I raised my eyebrows. "The Torah contains the Old Testament, so yeah, it's like miniature Bibles."
"Would the Bible work for us Christians?"
"I don't know. Probably, I've just never been attacked by vampires while carrying a Bible." That was probably my fault. In fact, when was the last time I'd read the Bible? Was I becoming a Sunday Christian? I'd worry about my soul later, after my body felt a little better.
"Cancel the ambulance; I'm fine."
"You are not fine," Ruebens said. He reached out as if to touch me. I looked at him. He stopped in mid-motion. "Let us help you, Ms. Blake. We share common enemies."
The police were walking towards us over the dark grass. Karl Inger was coming, too, talking softly to the police as they moved.
"Do the police know you were shooting at us first?"
Something passed over Ruebens's face.
"They don't know, do they?"
"We saved you, Ms. Blake, from a fate worse than death. I was wrong to try and hurt you. You raise the dead, but if you are truly enemies with the vampires, then we are allies."
"The enemy of my enemy is my friend, huh?"
He nodded.
The police were almost here, almost within earshot. "All right, but you ever point a gun at me again and I'll forget you saved me."
"It will never happen again, Ms. Blake; you have my word."
I wanted to say something disparaging, but the police were there. They'd hear. I wasn't going to tell on Ruebens and Humans First, so I had to save my smart alec comebacks for later use. Knowing Ruebens, I'd get another chance.
I lied to the police about what Humans First had done, and I lied about what Alejandro had wanted from me. It was just another of those mindless attacks that had happened twice already. Later, to Dolph and Zerbrowski, I'd tell the truth, but right now I just didn't feel like explaining the entire mess to strangers. I wasn't even sure Dolph would get the whole story. Like the fact that I was almost assuredly Jean-Claude's human servant.
Nope, no need to mention that.
Chapter 25
Larry's car was a late-model Mazda. The vampires had kept Humans First so busy they hadn't had time to trash the car. Lucky for us, since my car was totaled. Oh, I'd have to go through the insurance company and let them tell me the car was totaled, but there was something large broken underneath the car; fluids darker than blood were leaking out. The front end looked like we'd hit an elephant. I knew totaled when I saw it.
We'd spent the last several hours at the emergency room. The ambulance attendants insisted I see a doctor, and Larry needed three small stitches in his forehead. His orangey hair fell forward and hid the wound. His first scar. The first of many if he stayed in this business and hung around me.
"You've been on the job, what, fourteen hours? What do you think so far?" I asked.
He glanced at me sideways, then back to the road. He smiled, but it didn't look funny. "I don't know."
"Do you want to be an animator when you graduate?"

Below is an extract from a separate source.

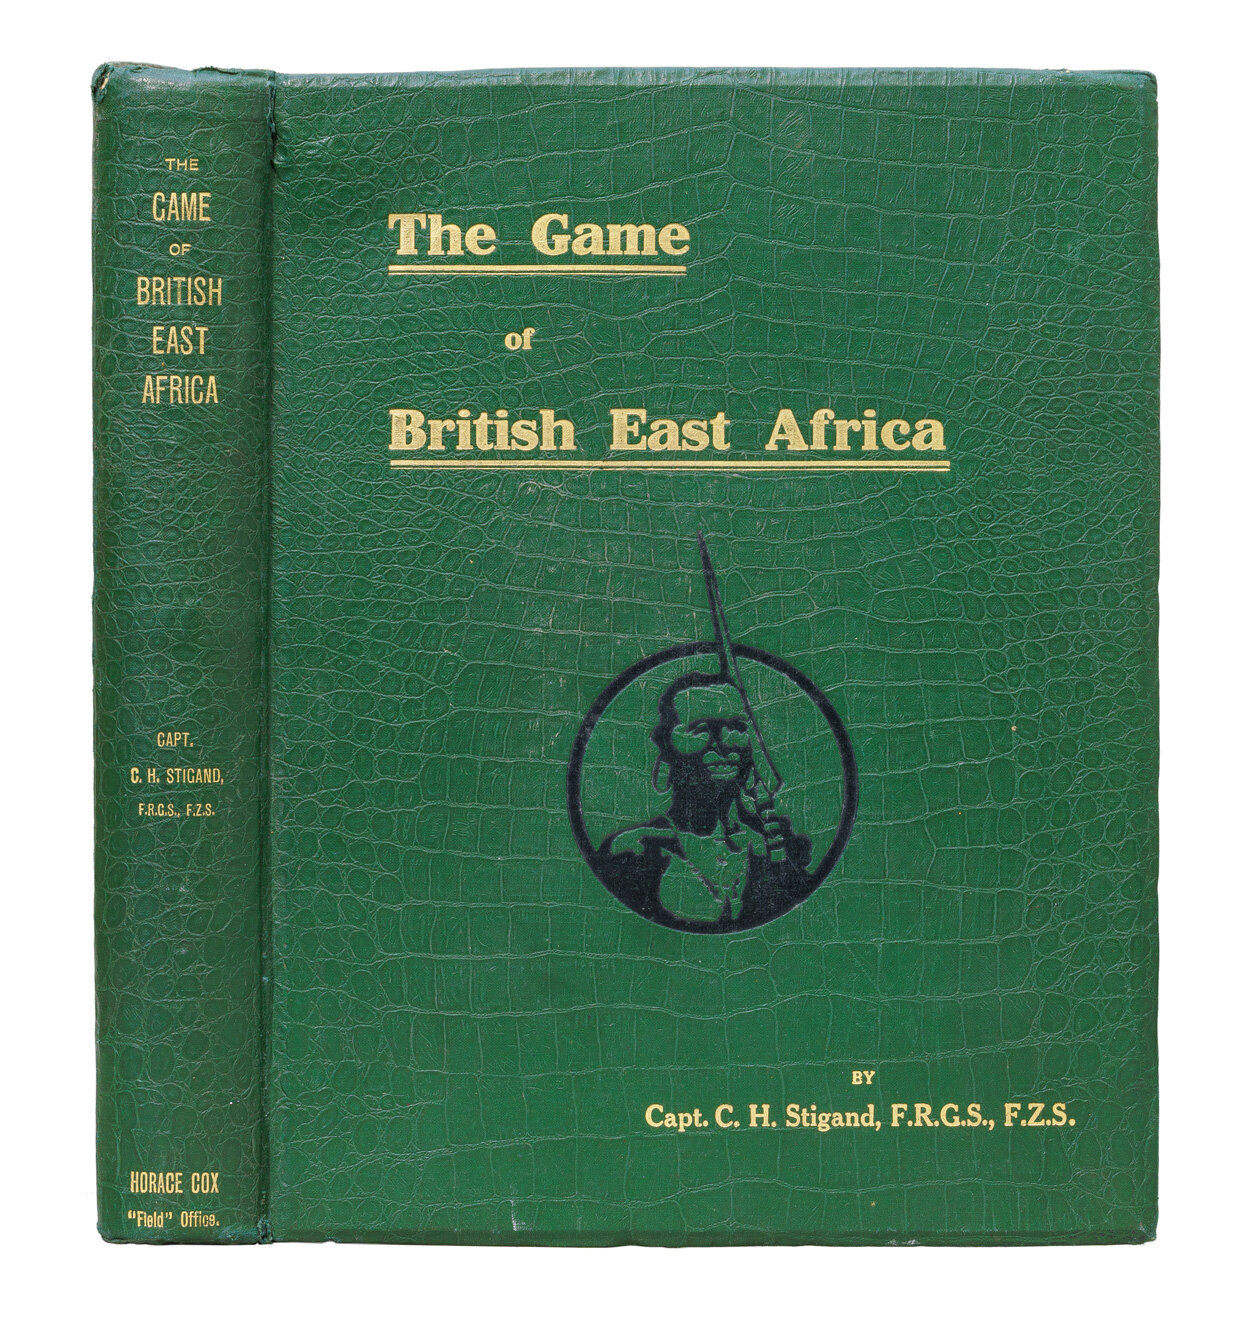 Stigand, C. H. "The game of British East Africa (Игра Британской восточной Африке)."
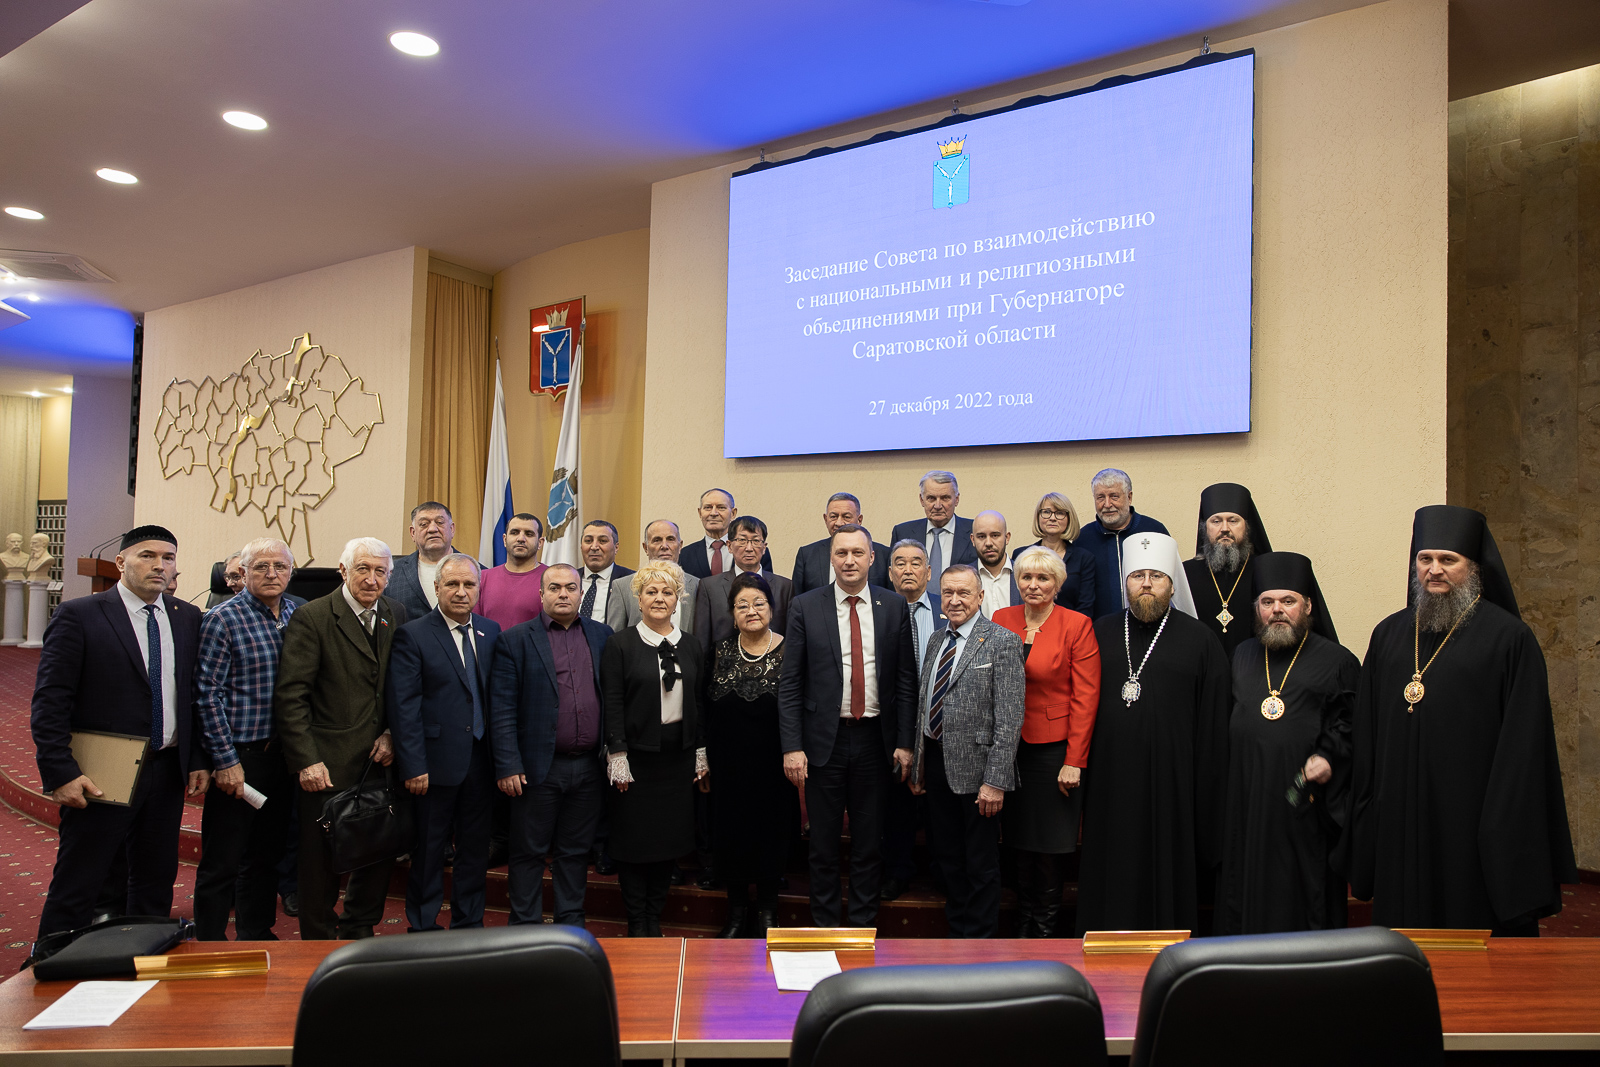 Прошло заседание Совета по взаимодействию с национальными и религиозными объединениями с участием архиереев Саратовской митрополии

"I thought I did," he said.
Honesty; a rare talent. "Not sure now?"
"Not really."
I let it rest there. My instinct was to talk him out of it. To tell him to go into some sane, normal business. But I knew that raising the dead wasn't just a job choice. If your "talent" was strong enough, you had to raise the dead or risk the power coming out at odd moments. Does the term roadkill mean anything to you? It meant something to my stepmother Judith. Of course, she wasn't pleased with my job. She thought it was gruesome. What could I say? She was right.
"There are other job choices for a preternatural biology degree."
"What? A zoo, exterminator?"
"Teacher," I said, "park ranger, naturalist, field biologist, researcher."